Will I ever have enough friends in the Netherlands?

It was August of my second year in Amsterdam. We got lucky: the weather was sweet, right on time for Rita’s visit, a Portuguese transplant in Paris, and one of my best friends. 

I was so excited about the life I had already build in just two years of living here. Everything that seemed impossible in Portugal – a stable financial life, recognition for my artistic background, job opportunities – was available in a foreign country whose language I didn’t even speak. For me, an Eldorado. The most remarkable thing, I told her, was how easy it was to make friends. The Ana I knew could not survive without people around her, even if she had the best job in the world, so yes, it was a grand achievement. It felt like I had been incredibly lucky, but it also felt like I had done something incredibly right. Many people I knew found it a challenge to make new friends in capital cities, BUT I had been adopted by a big group of folks from all over the world, Dutch included! That August, however, Rita met none of them. 
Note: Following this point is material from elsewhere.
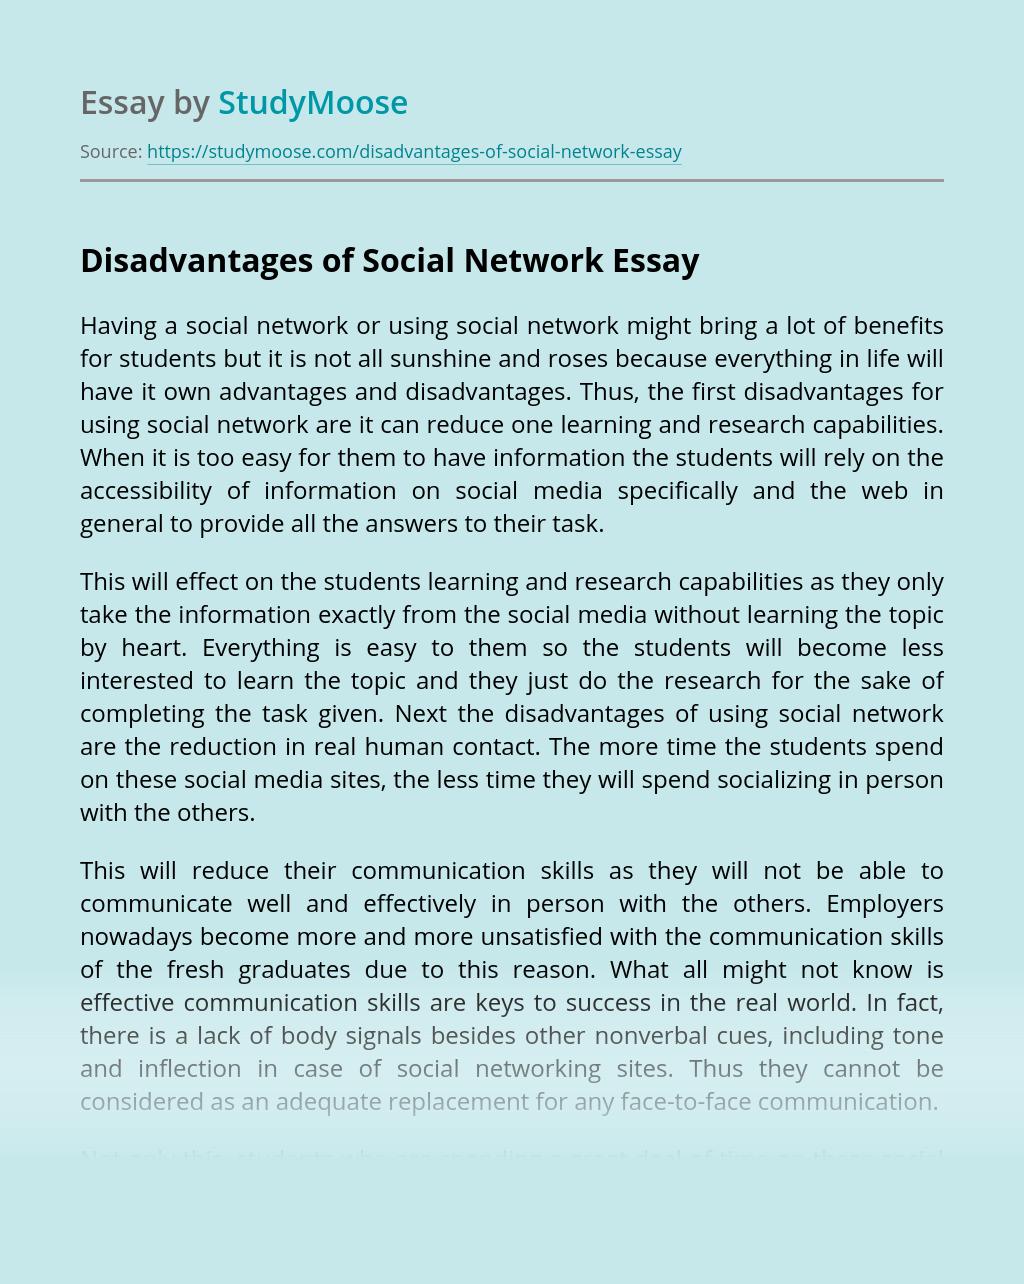 Disadvantages of Social Network

Settling in a foreign country with a stable economic situation and a diverse international population sounded like the dream for me, but there was a catch. And it had nothing to do with challenges with integrating or homesickness. It was the August dread. Eventually, in an attempt to deal with it, I created three adagios. They helped me avoid disappointment. Number one: every August, my migrant friends leave the city. Number one point one: my Dutch pals travel every August too. Number two: most expats will eventually leave the country. Number three: Amsterdam locals – both migrants and natives – move all the time; thus, loneliness is not an August exclusive. What I also did was plot a strategy, which I’ll tell you more about in just a second.

I + I.I

Sitting at the terrace of De Brabantse Aap, in a relatively empty Spui, drinking La Chouffe, (in the time that I drank Chouffes in the afternoon):

Rita: What a pity I don’t get to meet these friends you told me so much about.

I: So strange how, suddenly, everyone is out of town. (sight) Usually, it’s not like this at all, there’s always someone up for a beer. And, this square is, usually, super busy too!

After this, does she even believe me when I say I have friends, I wondered. Amsterdam, without the people, was just a charming ghost town.

I: Carlota is in Spain, Frank is in Italy, even my flatmate is on holiday. You really need to come back like… well, not in the peak of summer. I’m sure you’ll meet everyone next time. 

II

I think the first to leave was Aidan. He had found a position as a professor at the University of Florence, plus his gorgeous Spanish girlfriend was to follow along. Who could blame him for trading flat Holland for the sunny hills of Tuscany? After him, others followed. Carlota returned to Madrid and became a mother-of-two. Frank moved back to the States once he finished his studies. Catarina became a nomadic yoga teacher. I kept contact with most friends: I received photos of Carlo’s babies on WhatsApp and followed Cata’s yoga classes via Zoom. I also got to travel to see them: spent ten days with Stefania in London, ten more with Antonio in Oslo, a week with Almudena in Malaga. 

Amsterdam is a friendship Pandora box. These newfound bonds are abundant and thrilling, but they can fleet away as quickly as they arose. You gain the world, you lose companionship.  

III

The solution must be learning Dutch. If I managed to make enough friends among the local-born, I’d never ever find myself lacking company or proper gezelligheid. The language would be my freeway to stable, eternal fellowship. Because so much was at stake, I did it. I earned everyone’s admiration for speaking Dutch in record time. 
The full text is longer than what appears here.